Bahamas Broker: $440m Action Out In Under Four Days


Tribune Business Editor


Four Ukrainians yesterday withdrew a lawsuit alleging a $440m fraud against a Bahamas-based broker/dealer just four days after it was filed in the southern New York federal district court.

The move by Oxsana and Volodymyr Hryn, together with Elizabeth Lata, Ihor Ushenko and their corporate vehicles, to “voluntarily dismiss without prejudice” the claims against Weiser Global Capital Markets and its senior executives also occurred just three days after a New York judge declined to hear their bid for an injunction and restraining order.

Judge Naomi Reice Buchwald, in an October 14 notation, ruled that she lacked “subject matter jurisdiction” - meaning that the southern New York federal court lacks the authority to deal with the case. The voluntary dismissal, though, does not prevent the Ukrainian quarter from refiling the action/claims with a different court at another date.

The four and their numerous corporate vehicles had effectively sought an asset freeze against Weiser and its affiliate, Weiser Asset Management, and senior executives Christos Livadas (also known as Chris Livas); Christos Papaioannou; Jamaal Stubbs; Shelby Brice; Courtney Filipenko; and Rahul Kirpalani.

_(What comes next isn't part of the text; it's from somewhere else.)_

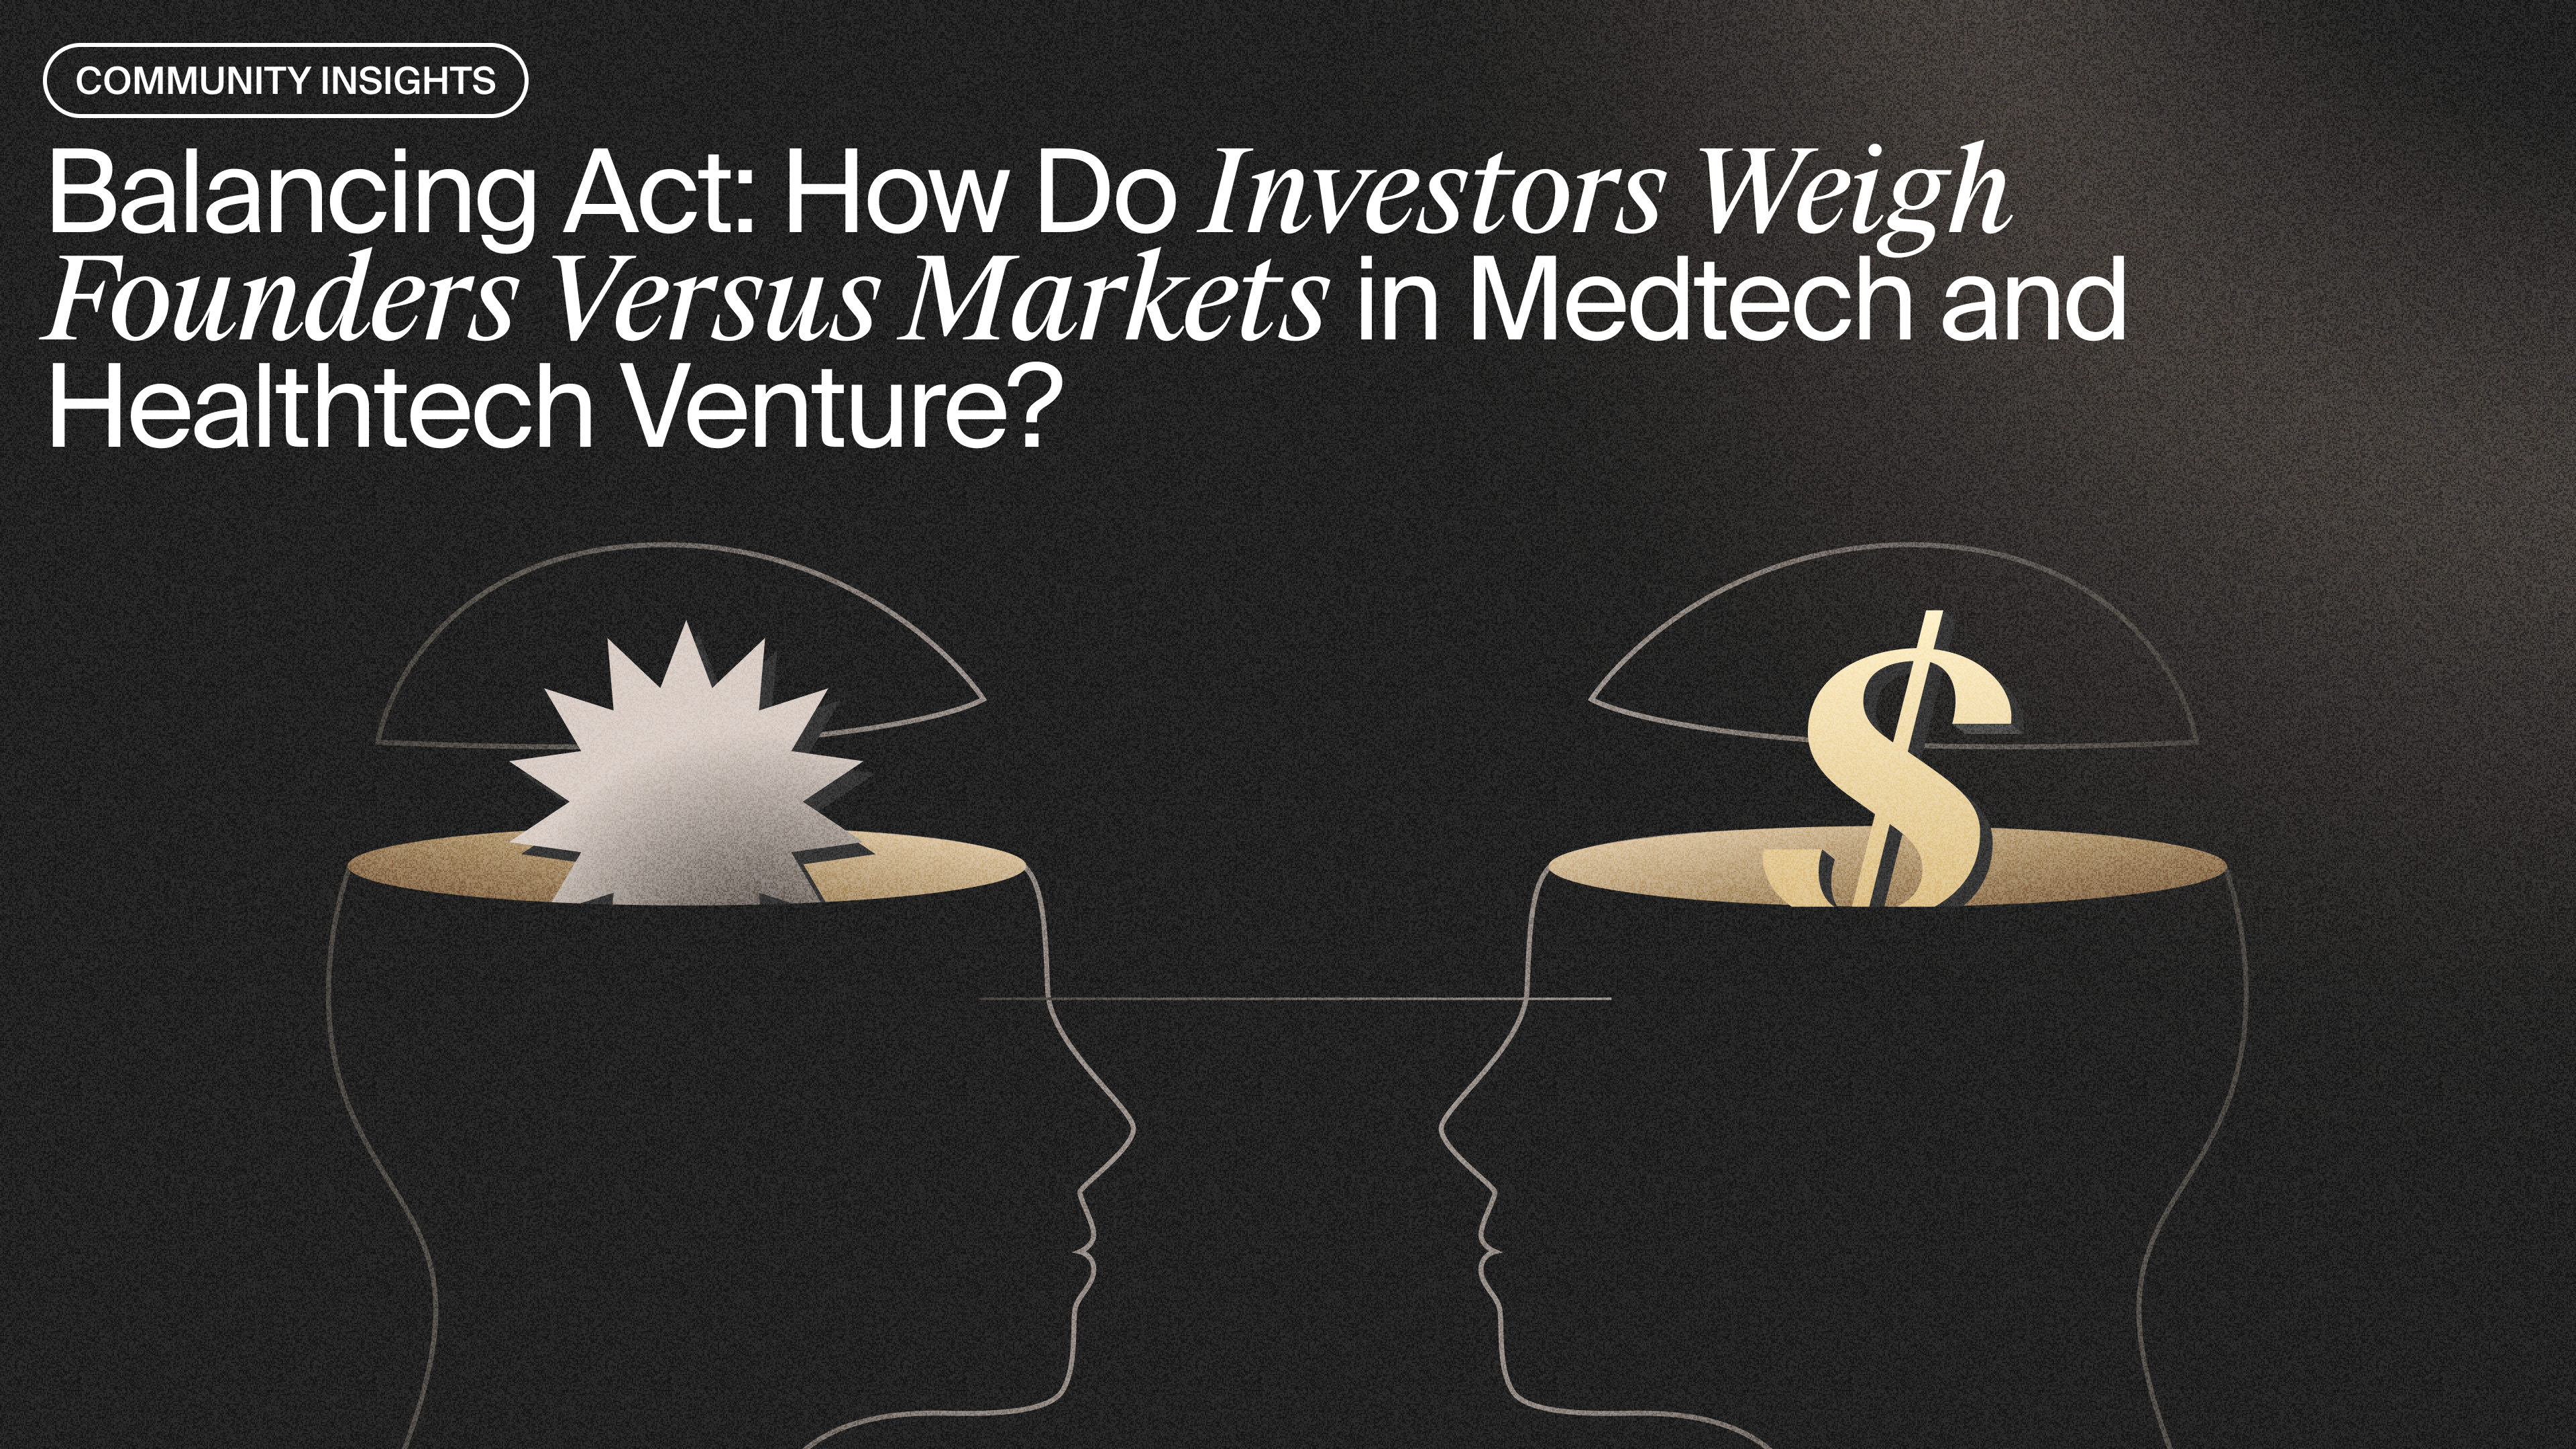 Founder vs Market, medical device venture capital

They had also wanted the New York court to rule that the Bahamian firm, Alan Cole & Co, produce all financial records relating to Weiser for the years from 2018 through to 2021 in its capacity as the broker/dealer’s accountant.

It is unclear whether the failure to effectively shut down Weiser’s business resulted in the lawsuit’s withdrawal. And Tribune Business efforts to obtain comment from Weiser on the matter also drew a blank.

This newspaper initially sought to reach Mr Stubbs, who was named as Weiser’s point person in the list of Securities Commission registrants, when it contacted the Balmoral Corporate Centre-based broker/dealer for comment.

However, it was informed that he had previously left the company although there is no suggestion that is related to this lawsuit. Tribune Business was told to send an e-mail to a specific address, which it did, adding that a response was required by yesterday, but no reply was received. The woman who this newspaper spoke to said she was unaware of the New York lawsuit.

The Ukrainian quartet’s multiple corporate vehicles, which are domiciled in various jurisdictions including The Bahamas, Belize and St Kitts and Nevis, often adopt the names of ‘blue chip’ and not-so ‘blue chip’ financial companies such as State Street and Bear Stearns.

Their original action alleges that they used these vehicles to make loans, which are secured against shares and other securities owned by the borrower. They claim that Weiser was retained as a custodian to receive the assets pledged by borrowers as collateral; remit the cash loans made by the Ukrainians; and manage the collateral assets via various depository accounts.

However, the Ukrainian quartet subsequently alleged that these collateral assets were removed by Weiser from the depository accounts without their permission.

“When plaintiff beneficial owners contacted defendants in order to inquire about what was taking place, their inquiries were entirely neglected despite the fact that the depository accounts continued to show diminishing balances in excess of tens of millions of dollars, sometimes in a single day,” the Ukrainians claimed.

“In total nearly $290m in cash and approximately $150m in securities has vanished from the plaintiffs’ depository accounts within a period of days without explanation, and without any ability by the plaintiffs to gain access to same.”

These allegations have now all been withdrawn and dismissed within the space of four days. There is nothing to suggest Weiser, its executives, owners, staff and employees have done anything wrong in relation to the matter.